▸ **Task**
Take the lines below beginning at the line that has "Brochure design and" and stopping after the line that has "Dolce & Gabbana", and print them exactly as they are, with no other lines.

___ Source material

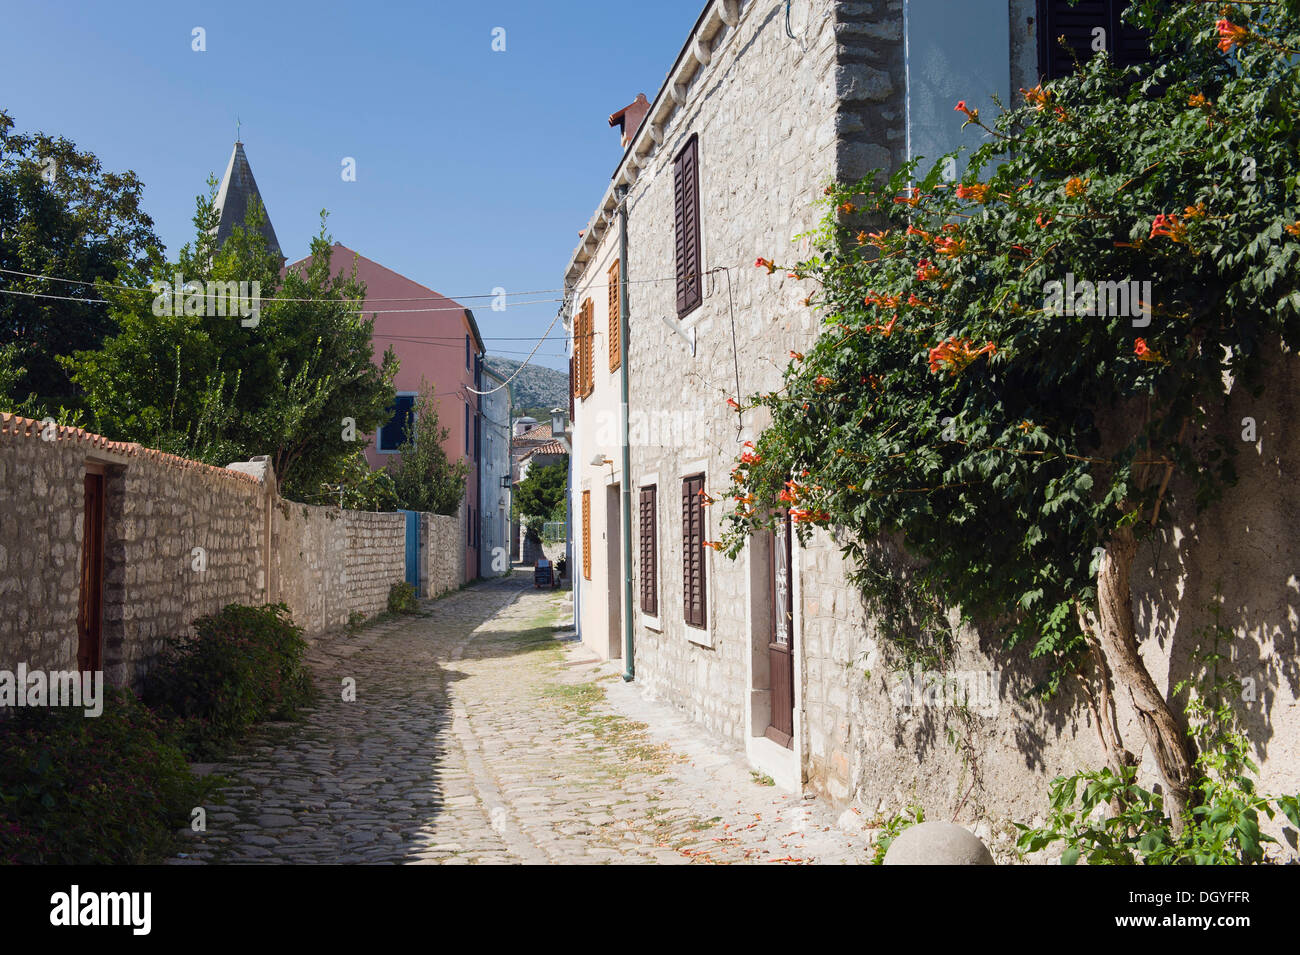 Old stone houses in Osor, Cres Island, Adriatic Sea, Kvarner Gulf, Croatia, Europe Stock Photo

______
___ Source material

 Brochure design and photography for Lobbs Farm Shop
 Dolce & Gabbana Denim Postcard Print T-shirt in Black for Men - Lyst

______
___ Source material

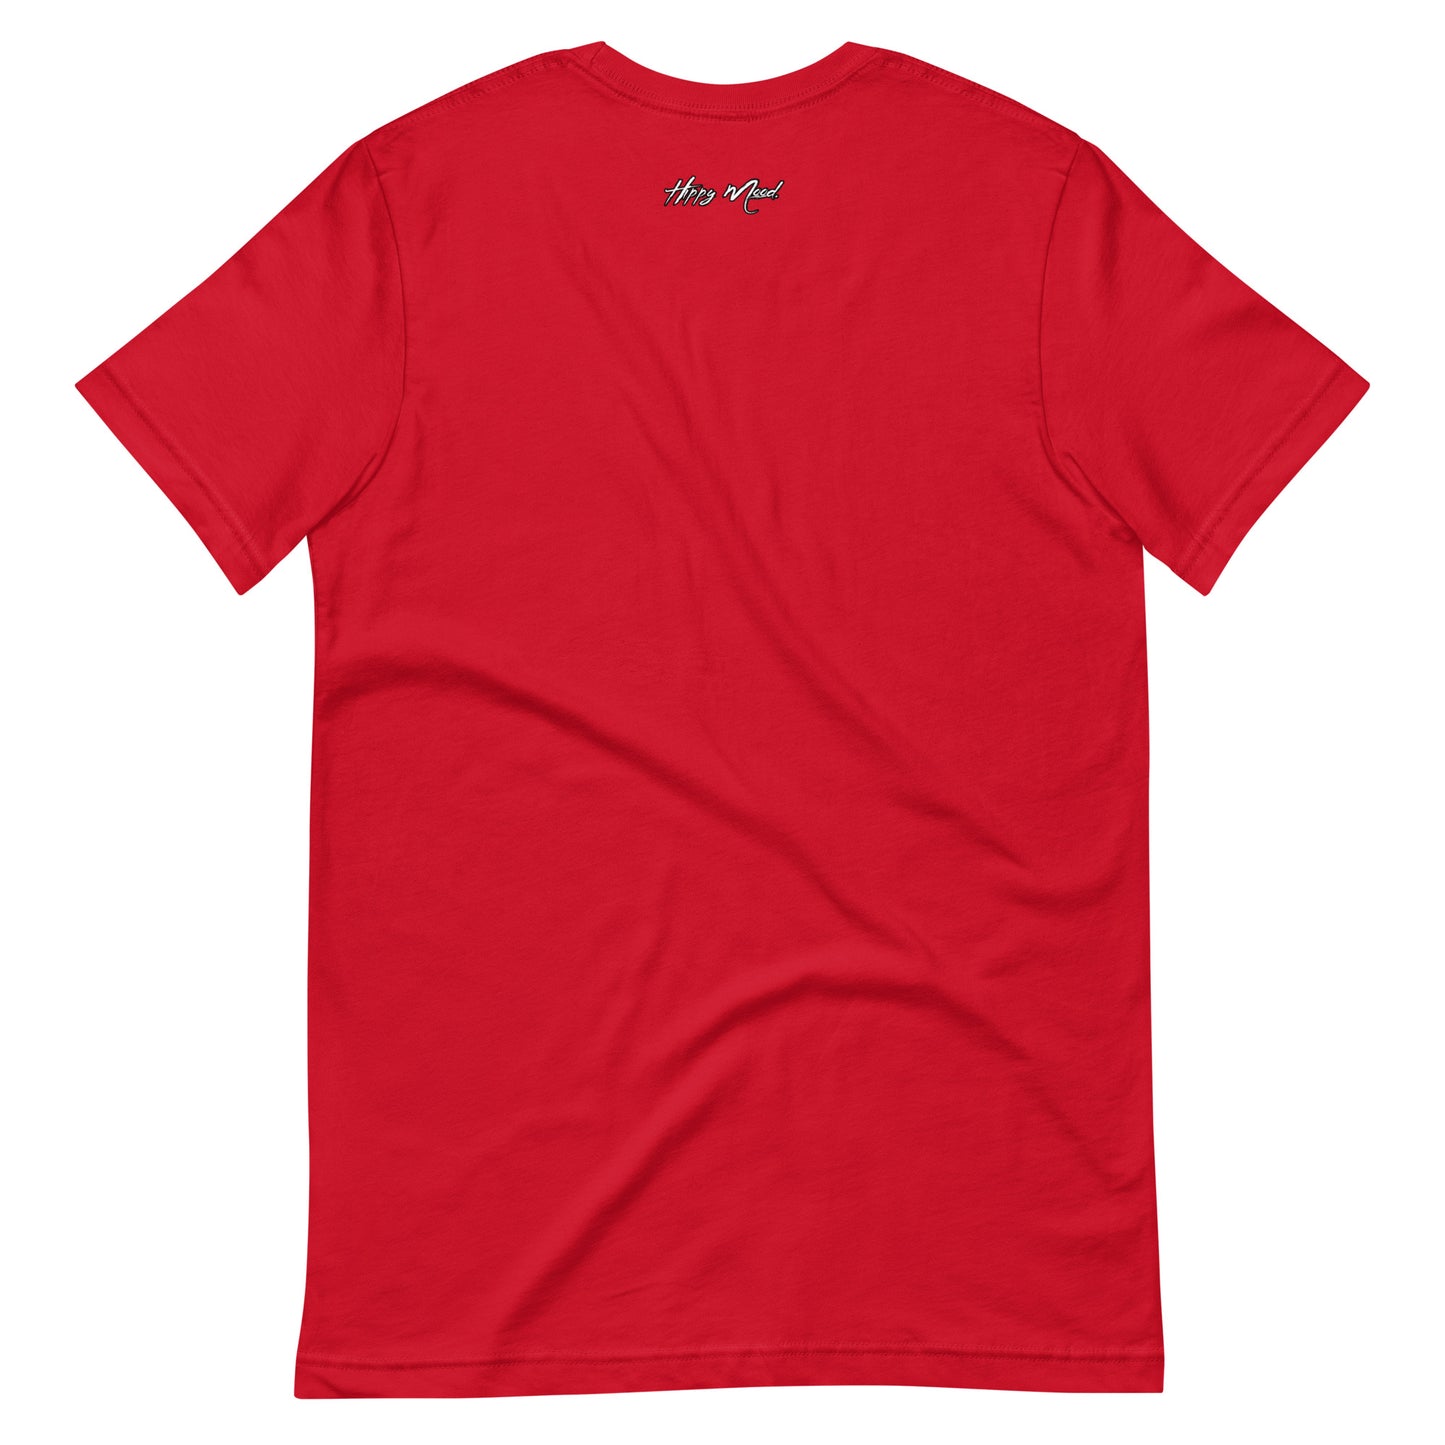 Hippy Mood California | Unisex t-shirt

______

▸ **Reply**
 Brochure design and photography for Lobbs Farm Shop
 Dolce & Gabbana Denim Postcard Print T-shirt in Black for Men - Lyst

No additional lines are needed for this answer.